Участник Персимфанса альтист А. Р. Бабич, впоследствии заместитель концермейстера группы альтов Госоркестра, отмечал: «Творческая работа в Персимфансе ничем не отличалась от работы в квартете — она была построена на специфических приемах ансамблевой игры. В огромной массе звучания оркестра всегда было что- нибудь, на что можно ориентироваться. Например, Цейтлин обращался к гобоисту и говорил: „Вы играете не вместе, а с вами рядом сидит фаготист, который отстукивает вам восьмушки, и они служат фундаментом в этом эпизоде. Ориентируйтесь на него"».
Участник Персимфанса Б. В. Беленький, впоследствии профессор консерватории, заслуженный деятель искусств, рассказывал о работе в Персимфансе: «Цейтлин был выдающимся концертмейстером. Его влияние на весь оркестр как воспитателя было огромным. В Персимфансе над ритмом постоянно работал Цейтлин. Это было задачей номер один. Он также требовал, чтобы оркестр „пел", а мелкие ноты были выразительными. И все это называлось культурой оркестровой игры».
Репетиционный метод работы Ансамбля, как уже говорилось выше, заключался в том, что каждый слушал каждого и всех и все слушали каждого. А. Усов рассказывал:
[49]
«Каждый из нас должен был знать главные темы произведения и хорошо слушать солирующий голос, а если есть добавление к теме, подголосок, то сыграть его так, чтобы не помешать главному.
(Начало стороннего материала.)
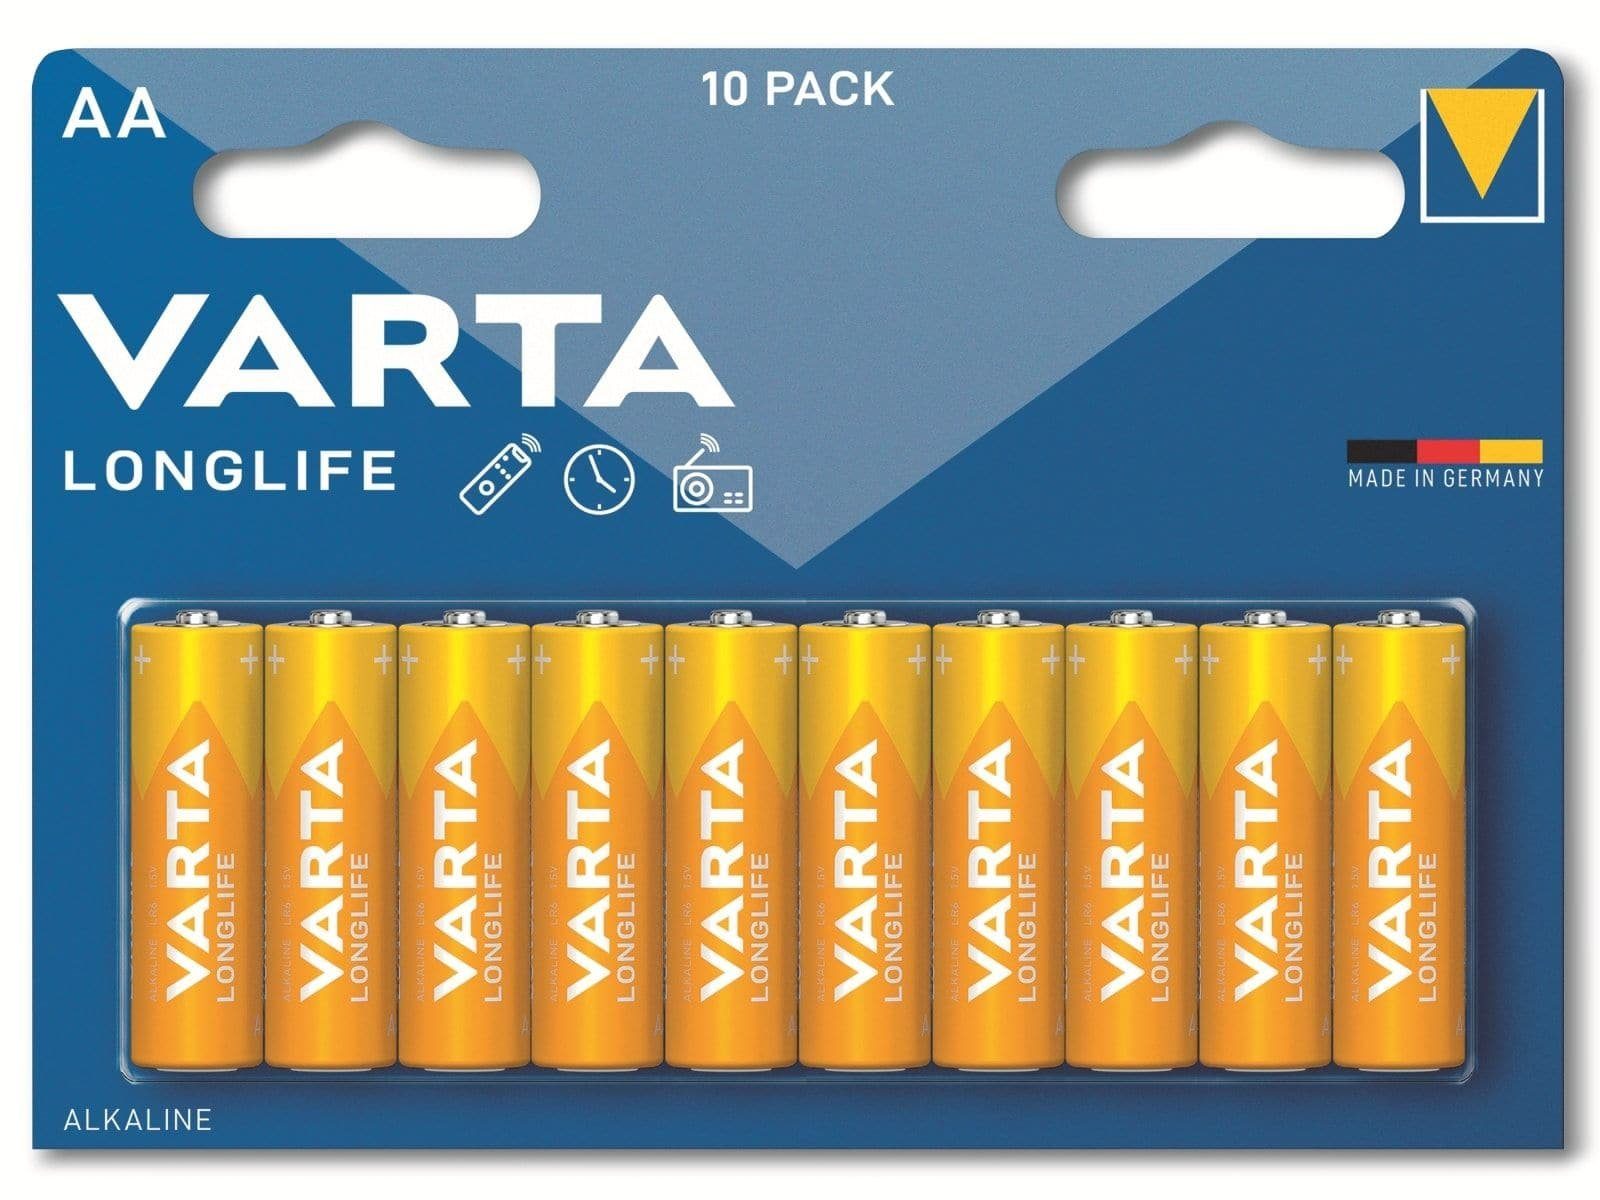 Batterie VARTA VARTA AA, 1.5V Alkaline, Batterie Mignon, LR06,

Так что, требования как в хорошем ансамбле. Правда, на репетициях большая свобода высказываний и замечаний предоставлялась старшим музыкантам... Чаще, разумеется, это делали солисты (первые голоса), но и молодые тоже высказывались. Я вспоминаю, в симфонии Скрябина мне было затруднительно вставлять свои короткие фразы в тему виолончелей, потому что я их плохо слышал. Я попросил усилить звучание виолончелей, что и было сделано. Меня понимали и соглашались в данном случае. Если же в других случаях нельзя было усилить какую-то тему, тогда уменьшали общую звучность.
Коллективное мнение было решающим. Музыка часто сама диктовала необходимость выделить те или иные места произведения. У нас дирижером был тот, кто ведет в этот момент ответственный голос. А остальные слушают. И эта очень привлекательная сторона работы в Персимфансе увлекала многих».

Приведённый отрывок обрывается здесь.